ホノルルに比べハワイ島には日本人リアルターはごく少なく、東側に至っては皆無だった。
せっかくの有益なインターネットの情報は英語のままで、それは顧客たちにとり全く意味を成さなかった。

相変わらず1万ドルで現地で購入したハワイアンショアーズの土地を、日本で700万円くらいで売った。

そしてお客さんの懐具合によっては、西側のワイコロアヴィレッジを勧め、4万ドルで仕入れた土地を1500万円で売った。

ロングステイまでまだ間がある現役世代の顧客たちには、「将来値上がりするから」「来たる日の建築費用のために」、「いつでもうちで引き取りますから」と言って、ハワイアンエーカーズの土地を勧めた。
そこは3エーカー(約3600坪)の原生林のジャングルの土地だった。
道路は未舗装で、溶岩台地そのものだから凹凸は特に激しい。しかも雨の多いこのプナ地区、一度シャワーがあれば四駆でもタフな道だった。
おまけに水道も電気もない。遠くでは野良犬が吠えている。あちこちに廃車が積み上げられている。当然管理組合もない。
もし家でも建ててロングステイをしたら、次来る時には恐らく車も何も果たしてそのまま残ってはいないだろう、そういう場所。
値上がり?投資?
この場所に最もそぐわない言葉だった。

そのはずだった、、、

しかし、その言葉がまさか現実のものとなってしまう。

例のサブプライムローンから始まる米国住宅バブルが始まったのだ。

真っ先にホノルルやマウイの不動産価格が高騰し出した。

やがて田舎のハワイ島でも、西側の地域で値が上がり出した。
ワイコロアヴィレッジの土地は20万ドルを優に超えた。

バブル最後の方では、ハワイアンショアーズの土地価格までも上昇した。
2万ドルとなり、程なく3万ドルとなった。そして4万ドルをも超えた。

しかし、ハワイアンショアーズを主に扱っていた会社はここで困ってしまった。

仕入れ値が高騰すれば売値も高くしなくてはならない。
しかしハワイ島東側の”年金”での”田舎暮らし”を売り文句にしていたそれに1千万以上の価格は付けにくい。

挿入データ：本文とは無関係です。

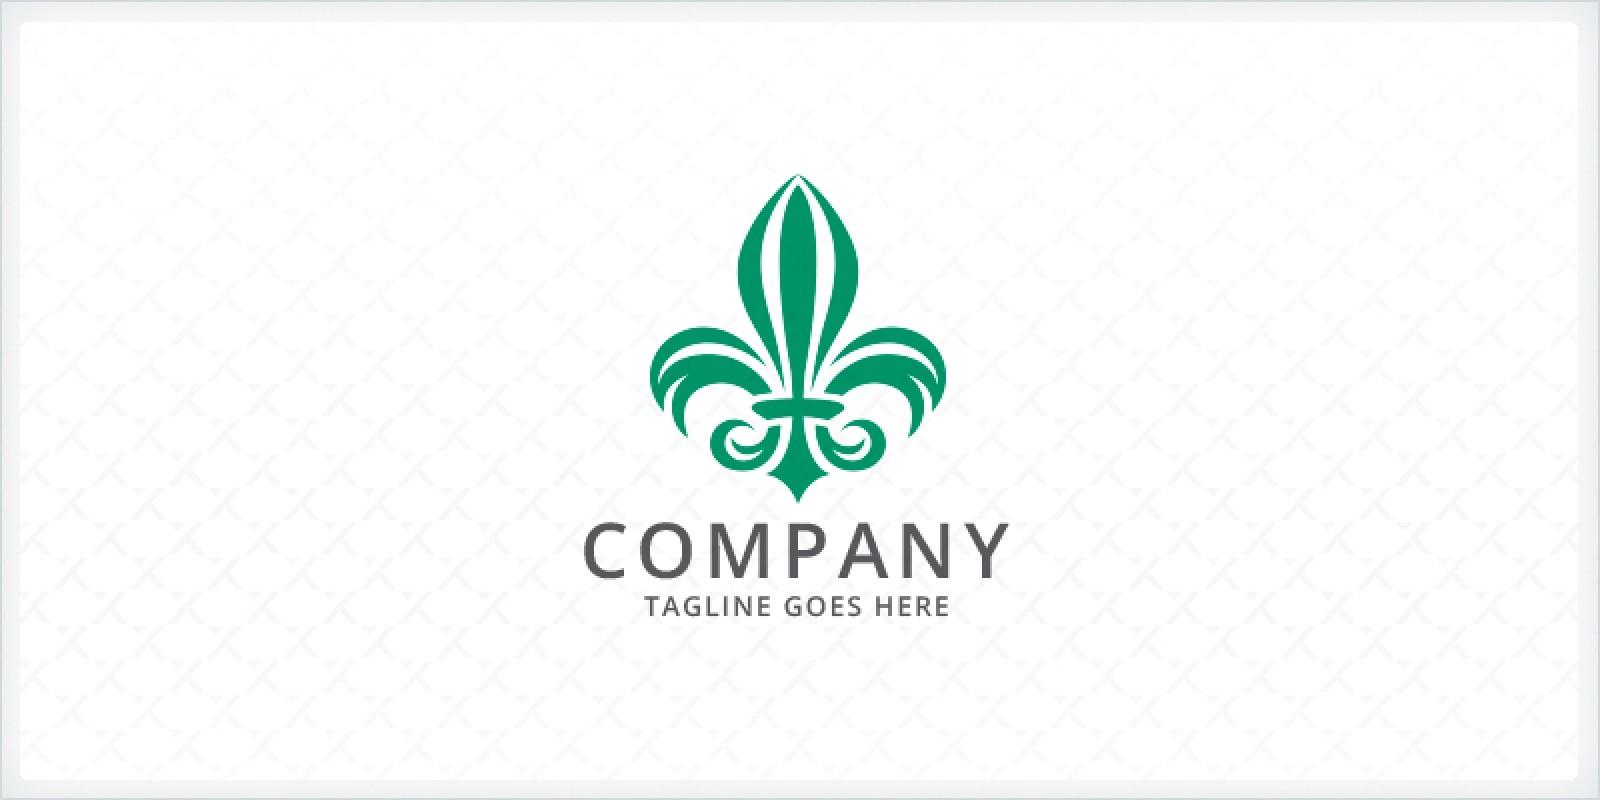 fleur de lis logo template miscellaneous logo templates codester
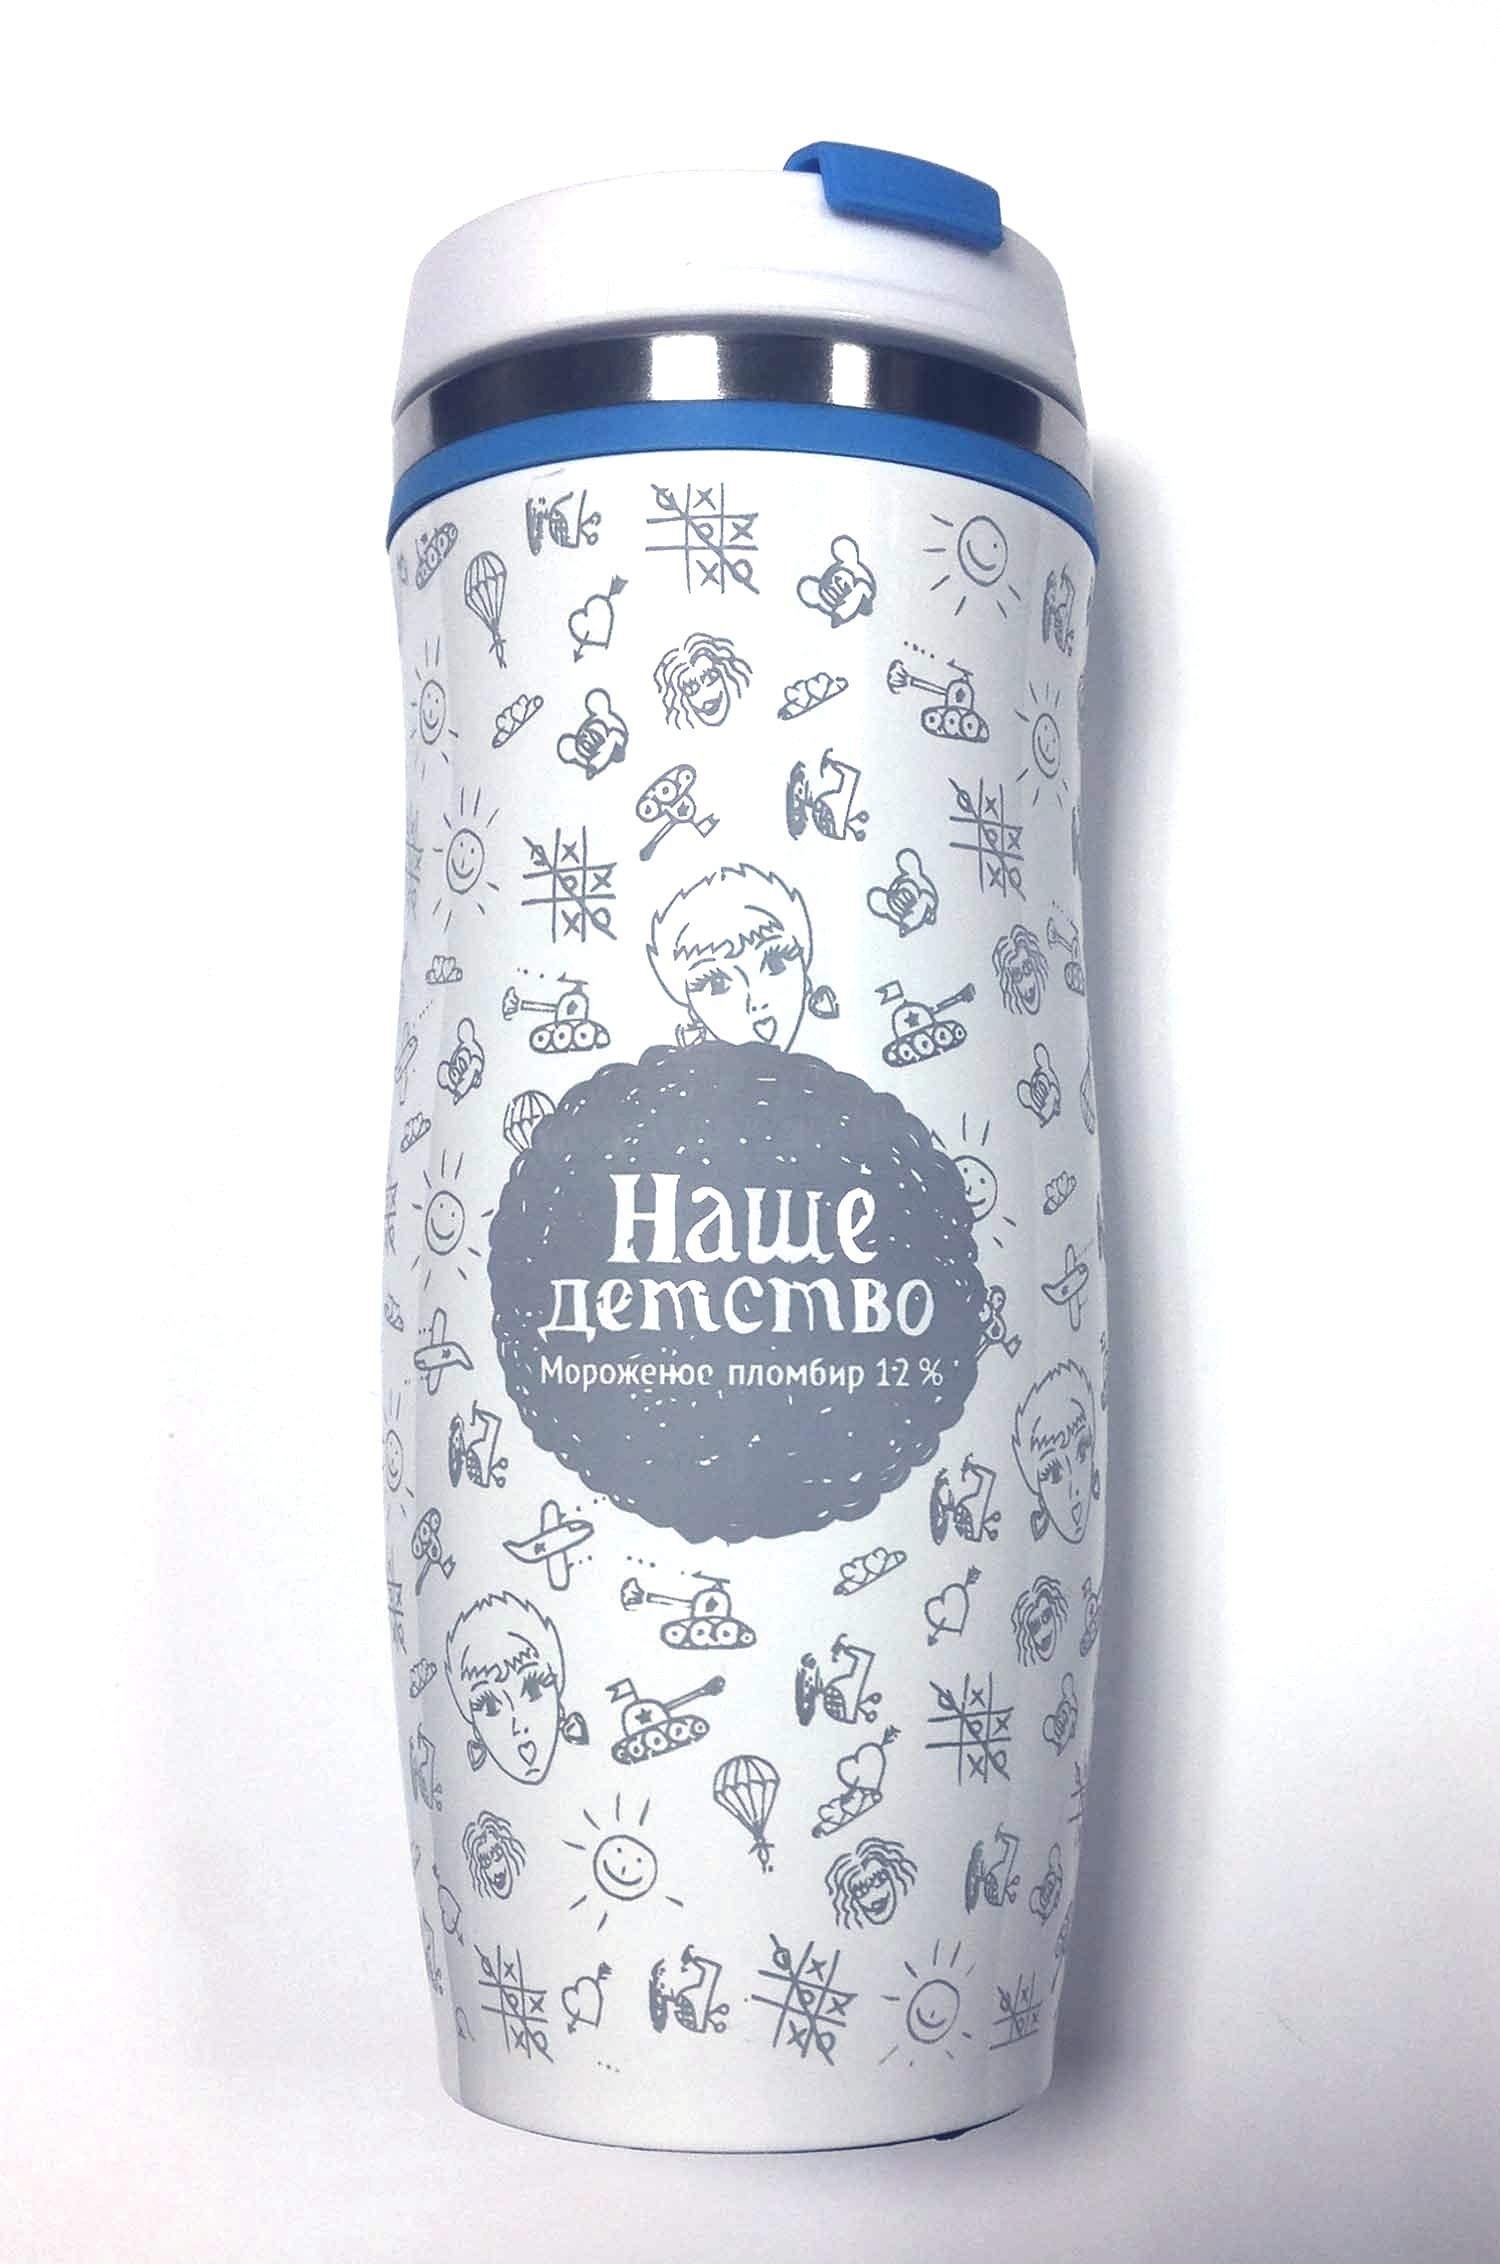 Печать логотипа на термокружке

そこで会社では、それまで放っておいた売却希望の顧客から土地を買い戻すことにした。
言葉巧みに、そして売りたい相手の弱みに付け込み、現地市場より格安で買い取り、それを即新しい顧客へと高値で転売した。

アイナロアを主に扱っていた会社も同様なことをやり始めていた。
でもこの会社では転売を日本人向けにではなく、逆に現地市場へ、高騰するマーケットへ”正規に”転売した。
これに追随する新しい会社も起こった。
情報が公正で透明なハワイの不動産業界の事情を逆手に取り、ハワイ州登記所やハワイ郡役所のデータから日本人の土地所有者リストを作成し、日本で安く買いたたき、現地で高く売った。

そして程なく、リーマンショックが起こった。